Alicia McNamara, HR Director; Sarah Gallagher, HSQE Associate Director; and Norah McNamara, Head of Marketing, Shareridge.

The importance of rewilding

Rewilding, insists Aaron Hegarty, another director of the Gaelic Woodland Project, must rise from the ground up. “It takes a national community effort—clubs, schools, companies—tackling invasive species, raising funds, planting trees,” he says. “Change won’t trickle down from above; it starts with people who believe they can make a difference together.”

That philosophy guides every step. Drains that once dried the bog will be blocked, so the land can slowly re-wet. Volunteers will return to install deer guards, clear competing rushes and monitor survival rates. Carbon-sequestration data will be shared publicly, and local schools will be invited to use the woodland as an outdoor classroom.

In about 15 years, anyone leaving the county road will walk straight into a line of young trees. Birch trunks, soft with moss, will stand beside small pools ringed by alder, and big oaks will cover hazel bushes where wrens flit about. Somewhere in that quiet green space, a small sign may note the 200-year mark since the Great Famine.

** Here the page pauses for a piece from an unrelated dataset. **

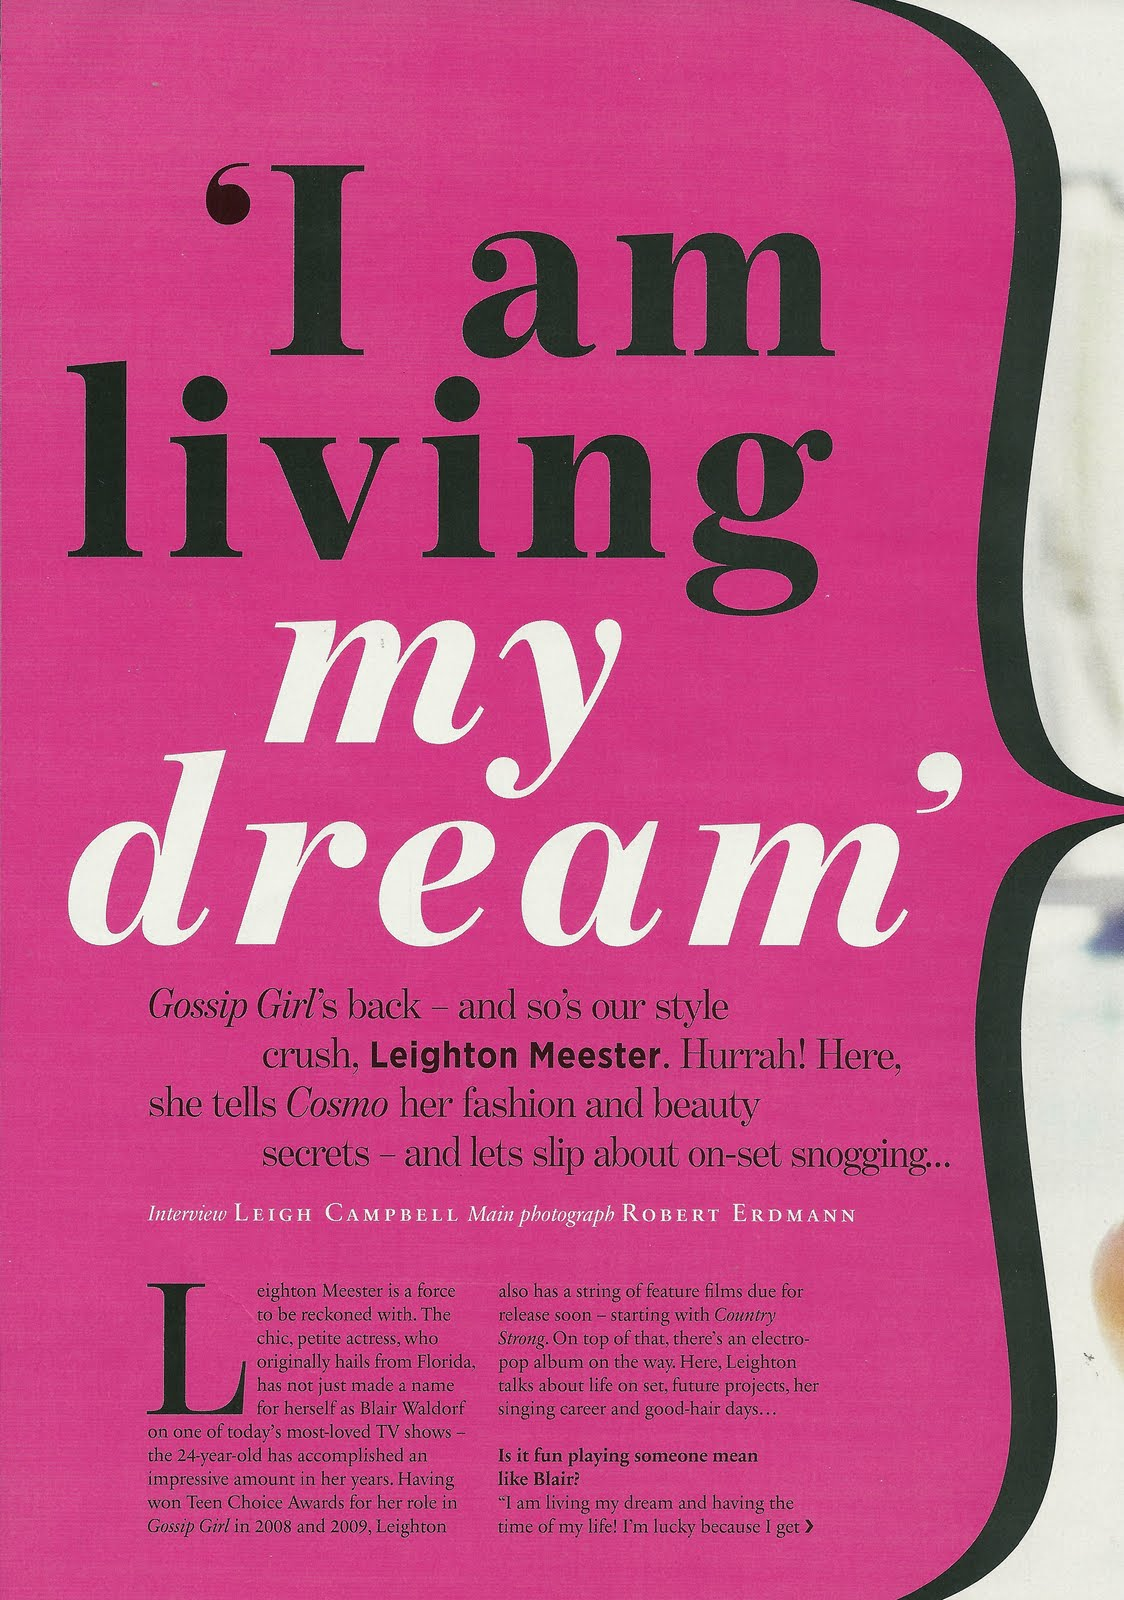 http://3.bp.blogspot.com/_HE0nu5g8bSw/TGxQ0Dpg6PI/AAAAAAAAAQs/7TFgoeMIYTw/s1600/Leighton_Meester_Cosmopolitan_September_2010+%285%29.jpg

But the real monument won’t be the plaque; it will be the hum of life above and below the soil.

Shareridge
Shareridge Gaelic Woodland Project team.
Legacy and landscape

Eoghan Connaughton says, “Forest speaks the language of renewal.” In a land where memories of famine still echo, putting fresh growth in the ground tells a hopeful, alternative story.

For Connaughton, it’s about legacy as much as landscape: “We can honour the journey of our ancestors by restoring and gifting posterity their ecological inheritance.”

For Shareridge, the project is also a blueprint. “We build infrastructure,” Nikita Coulter reflects. “But we can also help rebuild ecosystems. Linking carbon strategies to local, provenance-based restoration is something every company can do.”

 

Gaelic Woodland Project Planting Days for Corporates

The Gaelic Woodland Project will host more planting days over the next two years. Corporate groups, community clubs and curious individuals are welcome. As Aaron Hegarty puts it, “Planting hope in the ground is everyone’s job.” When 2045 arrives and Ireland pauses to remember the Famine, there will be something else to see at Cloonlavis, near Knock, Co Mayo: A young forest, rooted in memory, thriving on collective action, proving that today’s choices can shape tomorrow’s landscape.